Task details:
Before copying, set the pictures aside; then repeat every line below verbatim.

Record extracts:

== Segment start ==

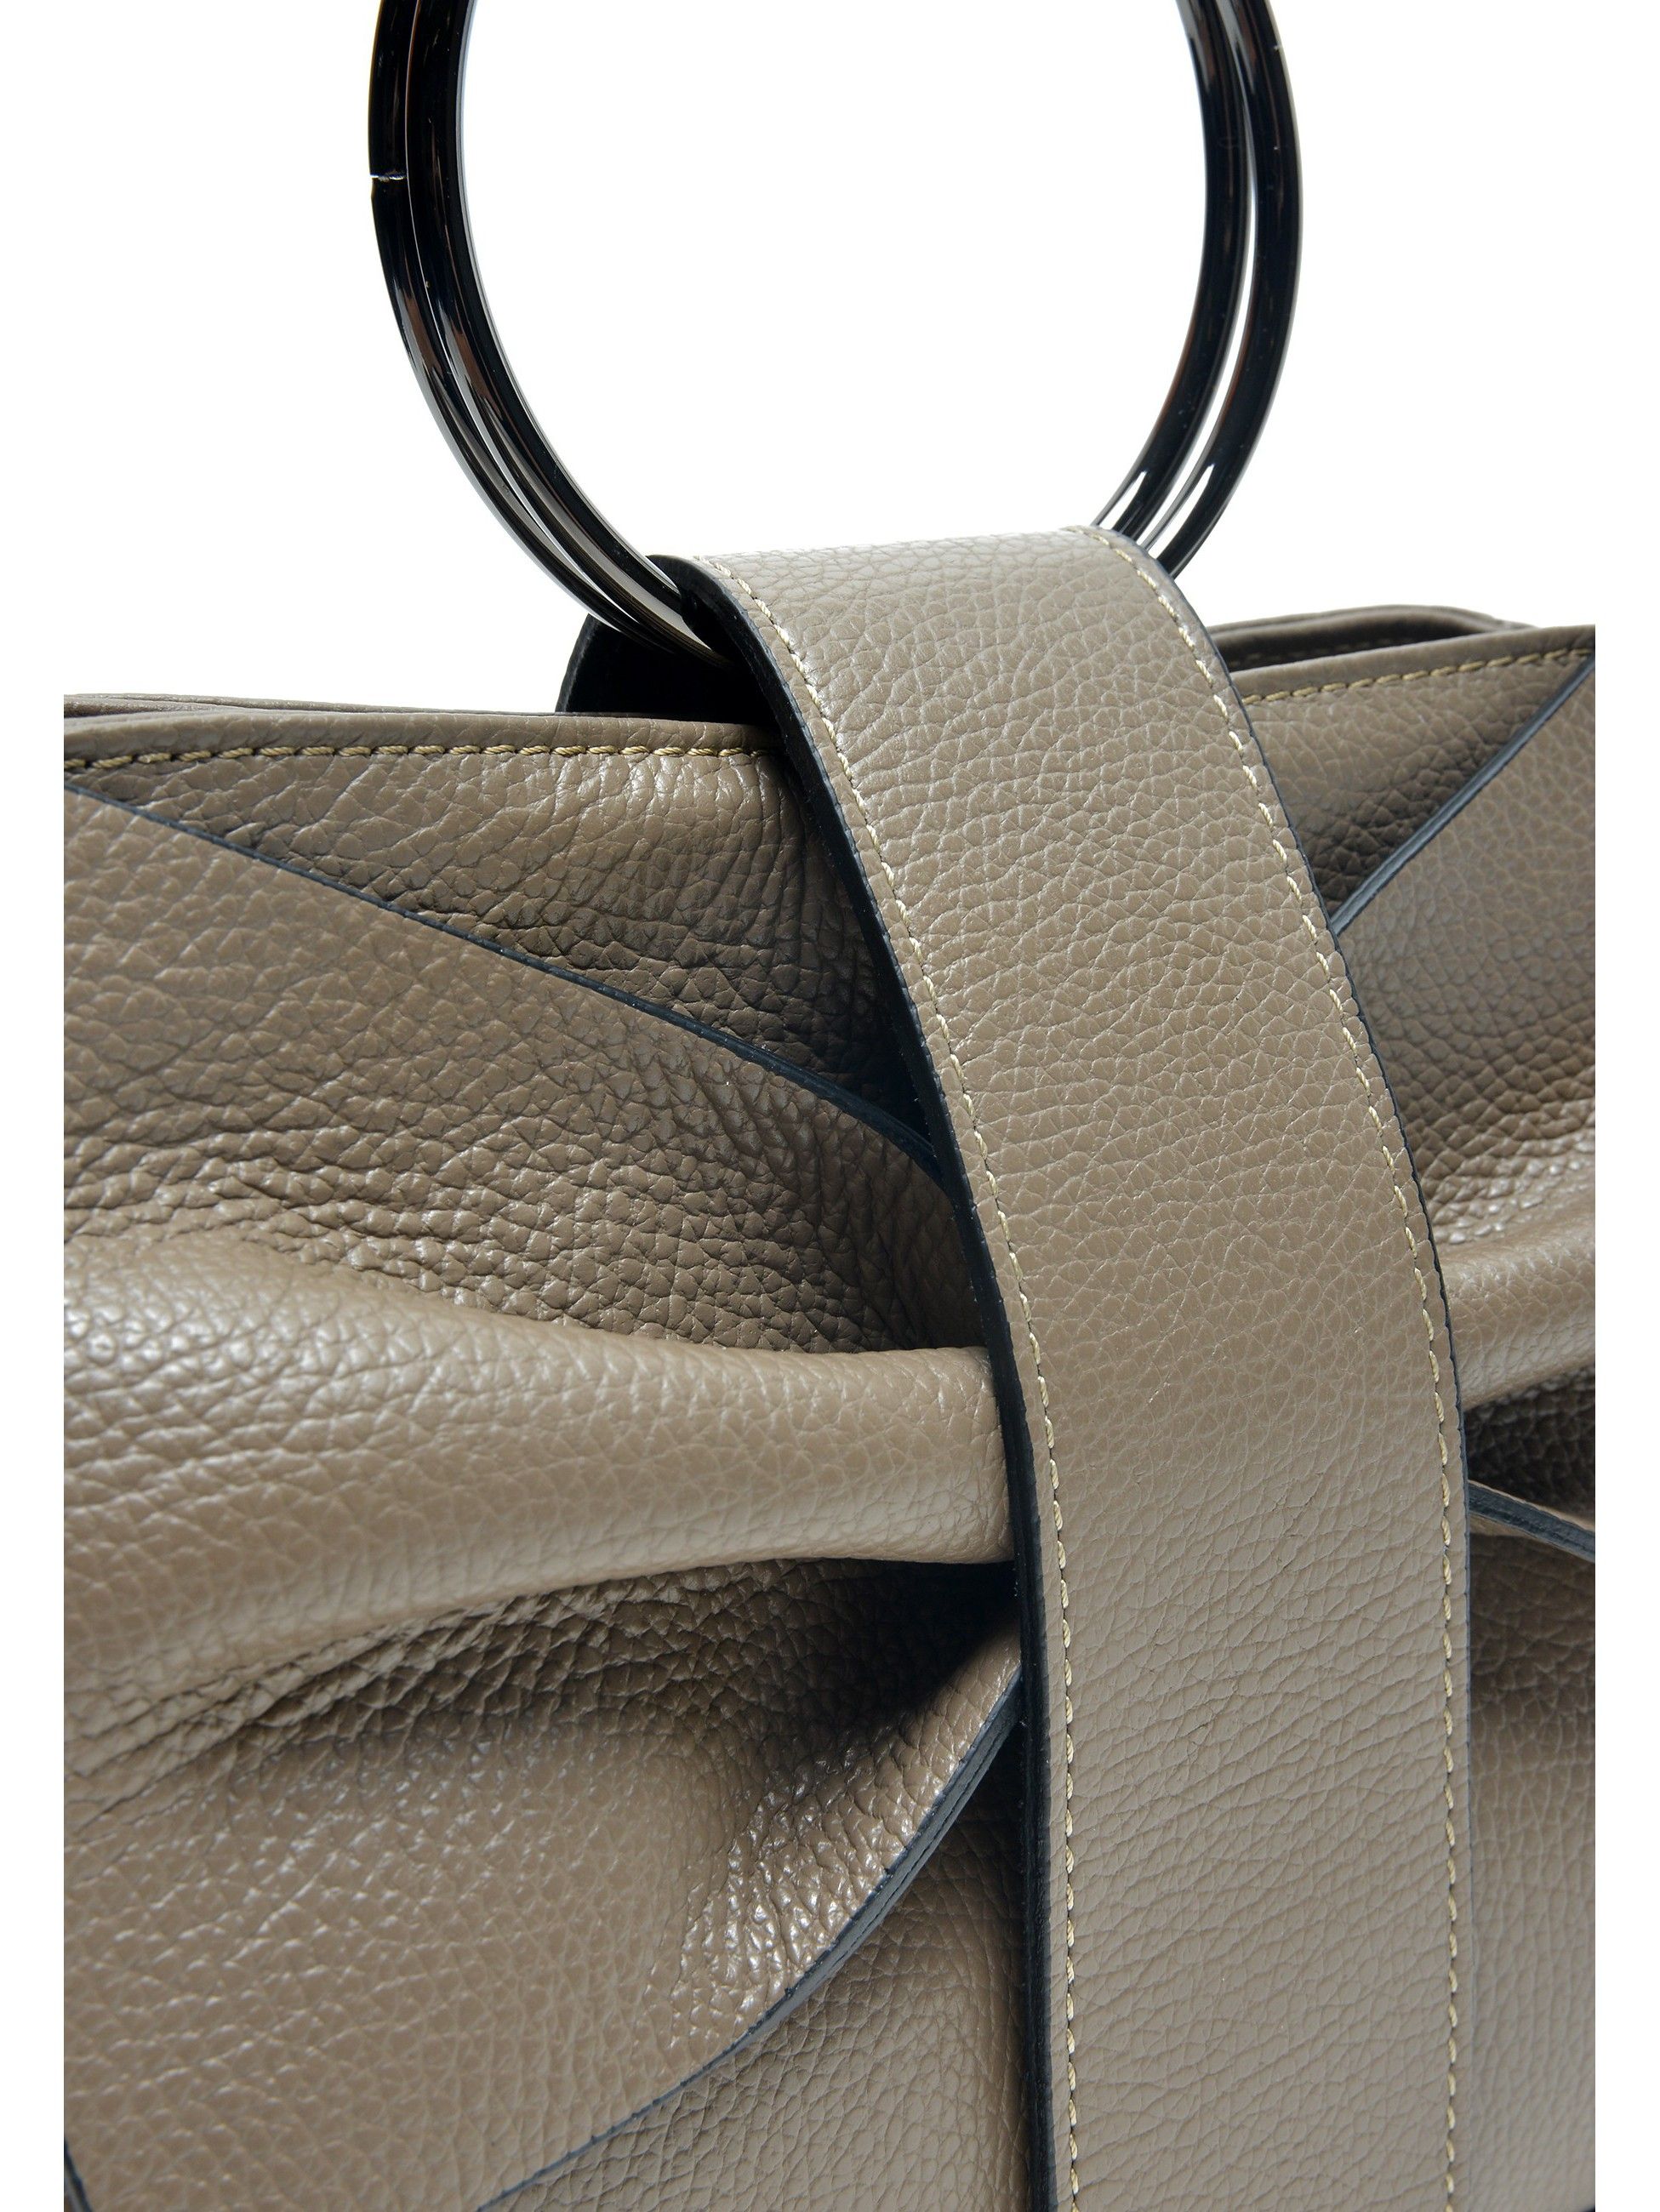 Handbag
100% cow leather
Top zip closure
Inner zip pocket
Back zip pocket
Metal hoop handle
Bow decoration
Dimensions (L): 22x28x12 cm
Handle: 30 cm non adjustable
Shoulder strap: 1x120 cm adjustable

== Segment end ==

Task response:
 Handbag
100% cow leather
Top zip closure
Inner zip pocket
Back zip pocket
Metal hoop handle
Bow decoration
Dimensions (L): 22x28x12 cm
Handle: 30 cm non adjustable
Shoulder strap: 1x120 cm adjustable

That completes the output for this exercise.